Heading to Aceh

25 July 2010

Fashion Crisis Takes a New Meaning

I checked out from the airport Tune Hotel and walked to the nearby terminal for my 1155 departure from Kuala Lumpur to Banda Aceh, I had time for a leisurely curry breakfast (rendang, tempeh, cucumber and pineapples) after dropping off my bag at the baggage drop, then taking the short flight of only 1h25.

Aceh was a province that was attempting to break away from the Republic of Indonesia.  The Boxing Day tsunami of 2004 devastated the province to the extent that they compromised for autonomous status in exchange for help in their recovery.  Their autonomous status allowed them to implement Sharia law.  Its implementation is different from that in neighbouring countries like Singapore or Malaysia (eg. covering inheritance, marriage, proximity etc).  One can supposedly be stoned to death for adultery and men (local Muslim men, anyway) cannot wear shorts.

So I wasn’t sure whether to wear my long shorts or my jeans.  Fashion crisis takes a new meaning here! I made a brave move and opted for my long shorts as they had handy cargo pockets.  At the boarding gate, I noticed a few men with long flowing robes … I felt underdressed.  As it turned out, they boarded the flight to neighbouring Medan at the next gate.

Text continues after this gallery.

 

 

Held up at Immigration

Upon arrival I chatted up a couple of Norwegians to share a ride to the Banda Aceh’s port of Ulee Lheu (pronounced like Eulalie).  I whisked through as I didn’t need a visa.

Unfortunately for them, the Bank counter collecting visa payments ran out of receipts and they were held up for about 2 hours while more receipts were requested from town.  It didn’t help that the runner bringing the receipts got involved in a car accident!

I don’t think it is some kind of bribery scam eg. hoping people would say “I don’t need the receipt” as the payment is collected by a bank rep while immigration sights the receipt before stamping the passport.

Looking on the bright side, foreigners couldn’t even have got Visa-On-Arrival at Banda Aceh airport a couple of months ago … this is very new.
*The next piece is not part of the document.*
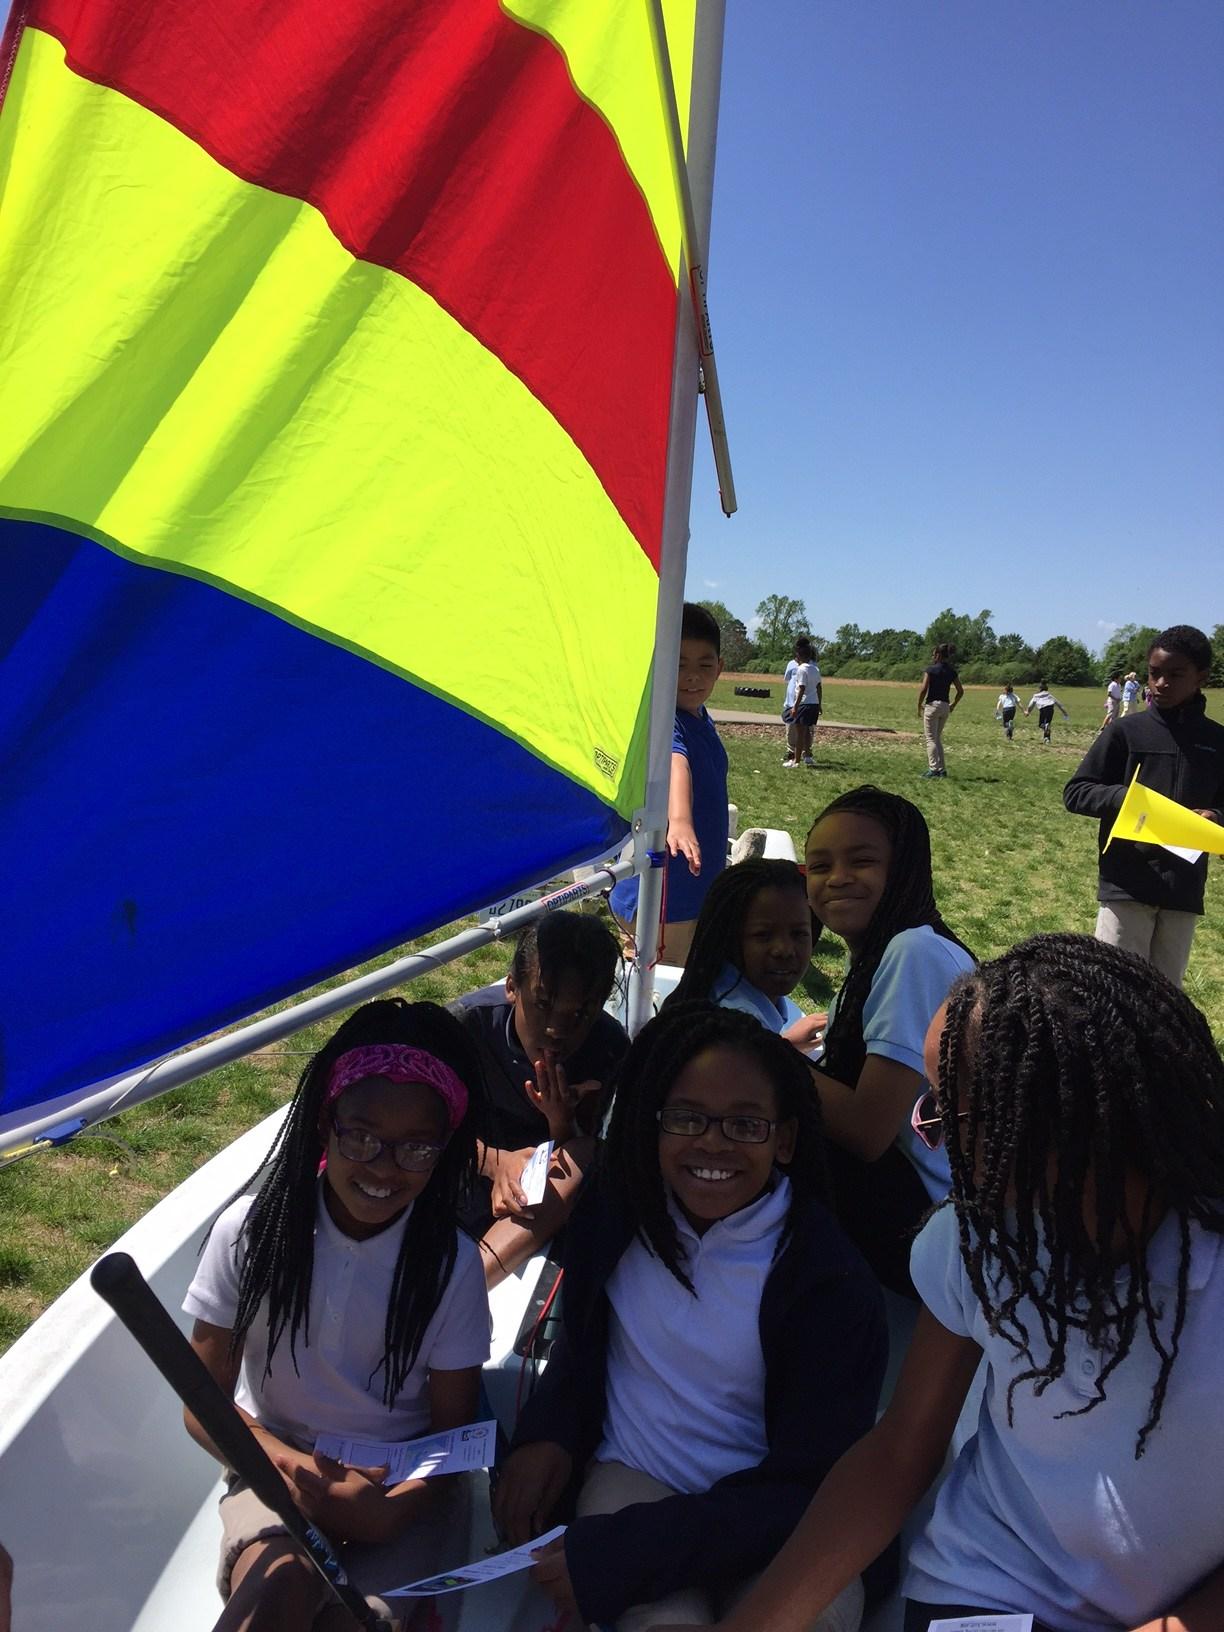 Students in backyard sail boat

They would have had to apply to the embassy in their home country or fly into another airport like Medan.

At 1430 I couldn’t wait any longer for fear of missing the boat from Ulee Lheue ferry terminal to Balohan (but often referred to as Sabang, the main town) on the island of Weh.  So I left the airport by myself shouldering the full fare of the taxi ride (about USD10).

It was sad talking to the taxi driver as he had lost his entire family (including wife and 3 kids) in the tsunami … they were all at home together but he was the sole survivor.

Ferry to Pulau Weh

Fortunately my new found Norwegian friends made it on to my 1600 ferry by just a whisker.  Things got strange again upon our arrival at Balohan Port … I managed to get a local minivan to my dive resort (Lumba Lumba) at Gapang beach.  They weren’t permitted to join me but had to go in a taxi at the same price per head.

Apparently the minivans and the taxis have a rostered responsibility for the transport of white people to Gapang beach even though there’s no price difference.  I had the privilege of getting honorary local status.

I find the Acehnese very easy to understand as they have a similar accent to my fellow countrymen.  They are also very gentle, kind and friendly.  Their opening price is always the price indicated in the guidebooks and there seems to be no overcharging or bargaining … so far.  I had dinner at a beach shack with my Norwegian friends chatting and swapping travel stories.

There had been a storm and the weather was actually quite cool.  The last thing on my mind was being in the sea!  I was surprised at how cool it can get at sea level in the tropics!

More on Sharia Law

On paper, the upper limits of the Acehnese Sharia law seems severe … but the day-to-day look-and-feel is no different from, say, rural Malaysia:

  • Women, young and old, ride around on their motorbikes wearing fuschia headscarves.
  • Men wear long shorts and take their shirts off on the beach.  In the rural areas, women literally let their hair down (and out) without a headscarf.
  • They even have dogs around … which is really unusual for Muslims.  I often associate dogs in Indonesia with Christian villages where they are a delicacy!
  • Beer is available at selected places,  though I’m not sure if it is legal.